Michael smiled ruefully. “It is true. I did like him, and not just because of our shared interest in weapons. He seemed to be so helpful, looking everywhere for Miss Peach. He truly was looking for her, of course, to ensure she knew nothing vital, but I confess, when he found her body, and showed me the many places he claimed to have looked for her, I was convinced he was on our side. He is very plausible, and if it had been Walter he killed, I would not have uncovered his perfidy at all, I am convinced.”
“I do not like to contradict you, but you know I am always right,” Pettigrew said smugly.
“If Walter had been killed, Eustace would have been the obvious suspect, and therefore you would have been haunting Welwood every day to work out how he did it. You would have noticed that the field opposite held not just donkeys and pack ponies, but a few riding horses, too. Then you would have looked for the saddle, and you would have found it before long. The case would have been far easier to solve. In fact, I would go so far as to suggest that you would have solved it within a week.”

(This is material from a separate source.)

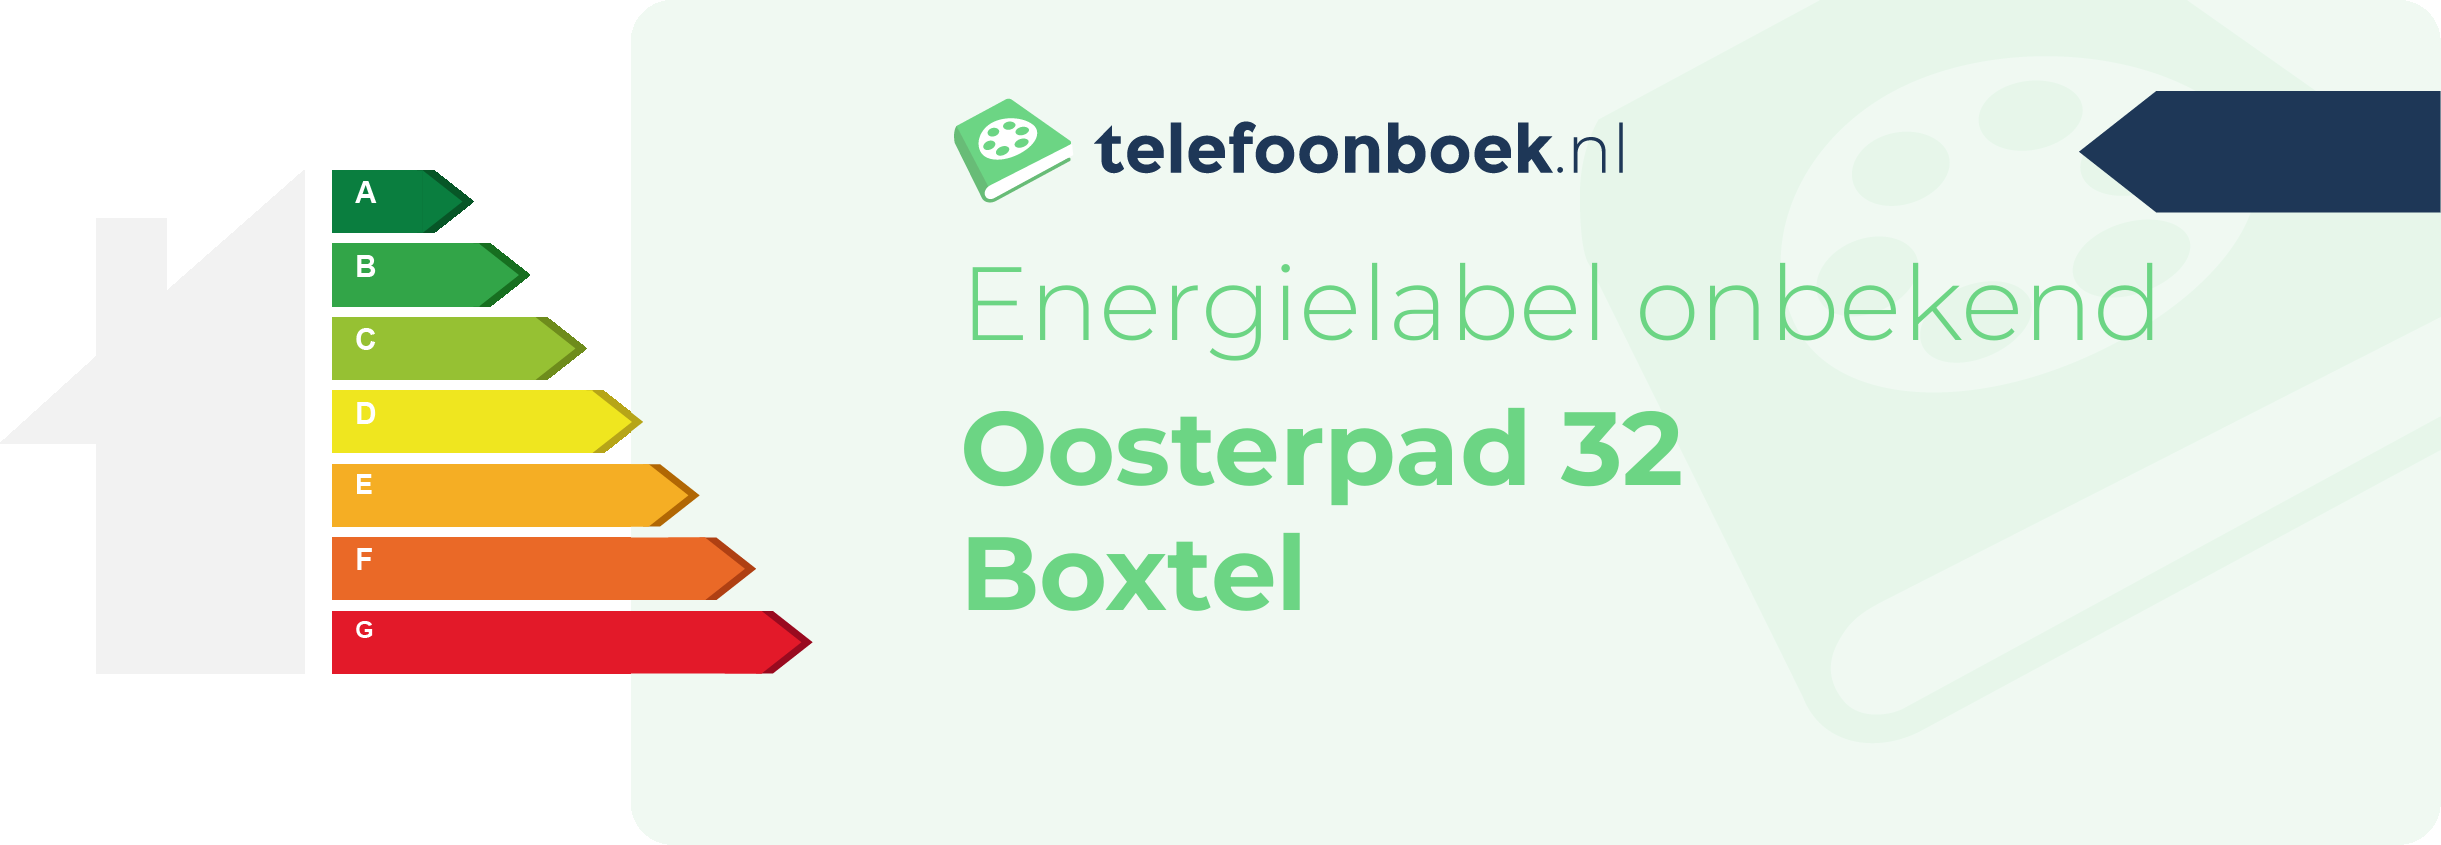 Energielabel Oosterpad 32 Boxtel

Michael shook his head. “You are very kind to say so, Pettigrew, but no, I have displayed nothing but ineptitude from start to finish this year. Maybe it is time I retired altogether.”
They all protested loudly, and eventually he laughed.
“Very well, very well. Have it your own way.” He picked up the gun again.
“I think I may keep this, if the earl does not object. The axe, too, perhaps. I doubt any of the Athertons wish to keep it . They will be reminders of my own fallibility, if I ever again become overconfident.”
***
M ichael was helping Luce finish packing when a knock on the door heralded the appearance of Mr Kent Atherton.
“May I come in?”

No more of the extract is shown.